Exercise brief: What's wanted here is the full listing below, repeated exactly, with no images in it.

Dataset extract:
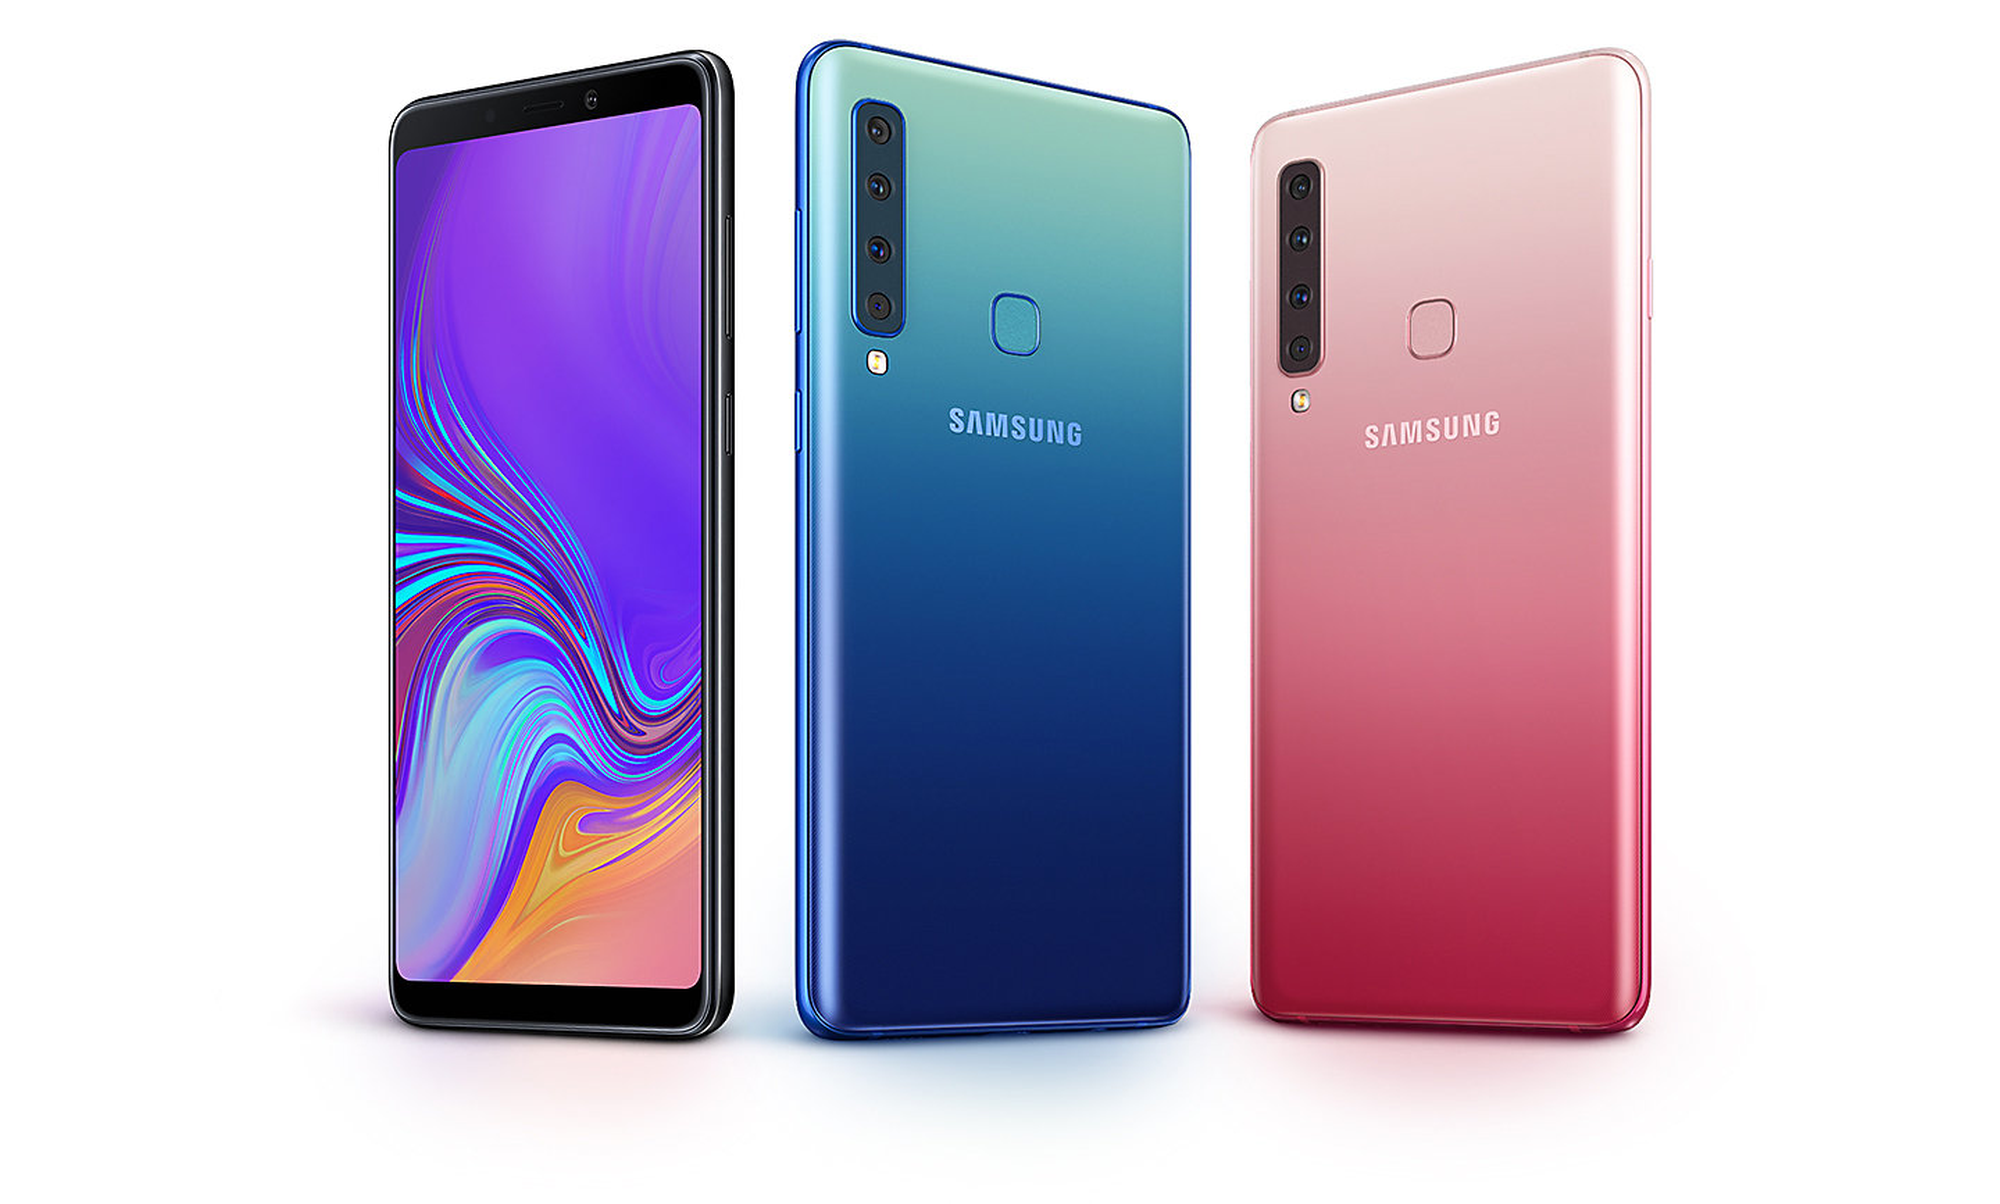 Samsung Galaxy A9 with four rear cameras colors
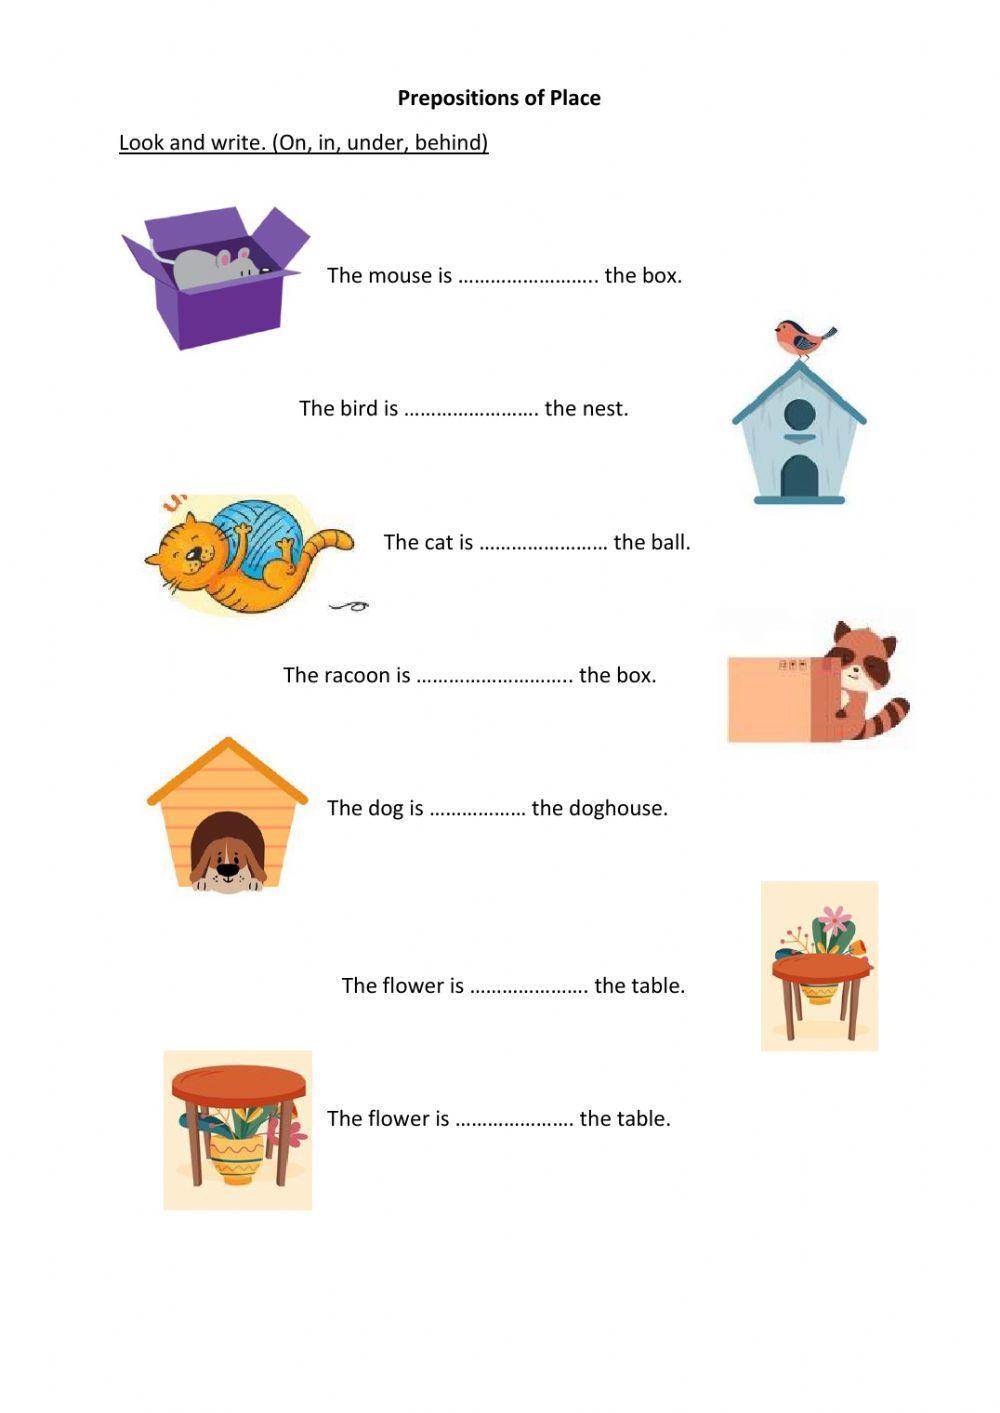 Prepositions of Place (in, under, behind, on)
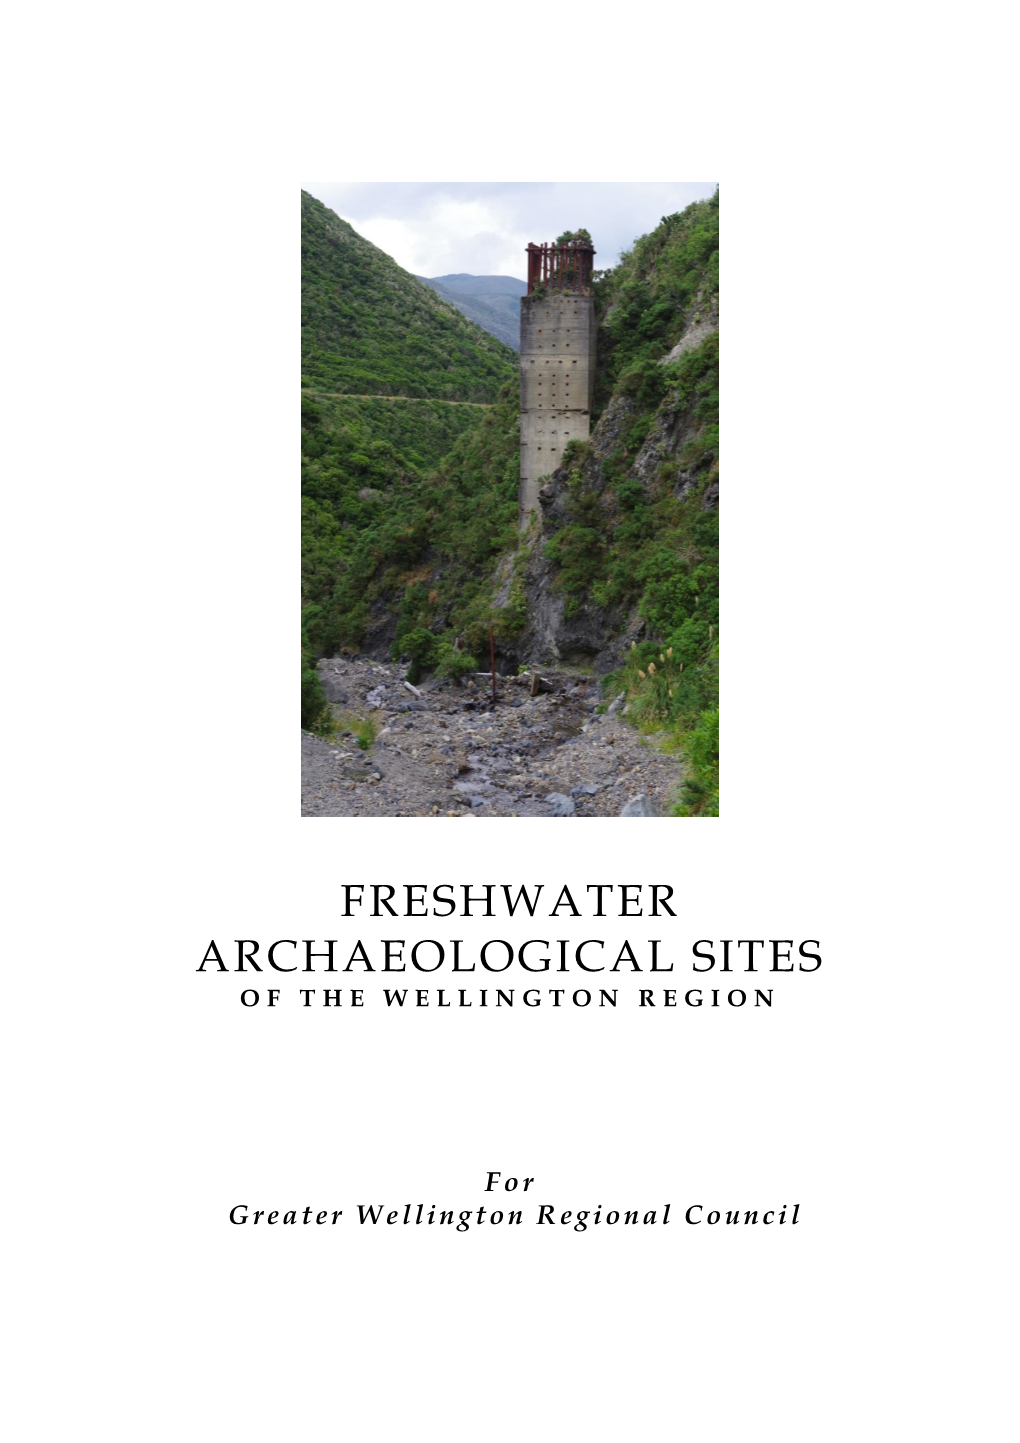 Freshwater Archaeological Sites of the Wellington Region

Answer to this task:
 Samsung Galaxy A9 with four rear cameras colors
 Prepositions of Place (in, under, behind, on)
 Freshwater Archaeological Sites of the Wellington Region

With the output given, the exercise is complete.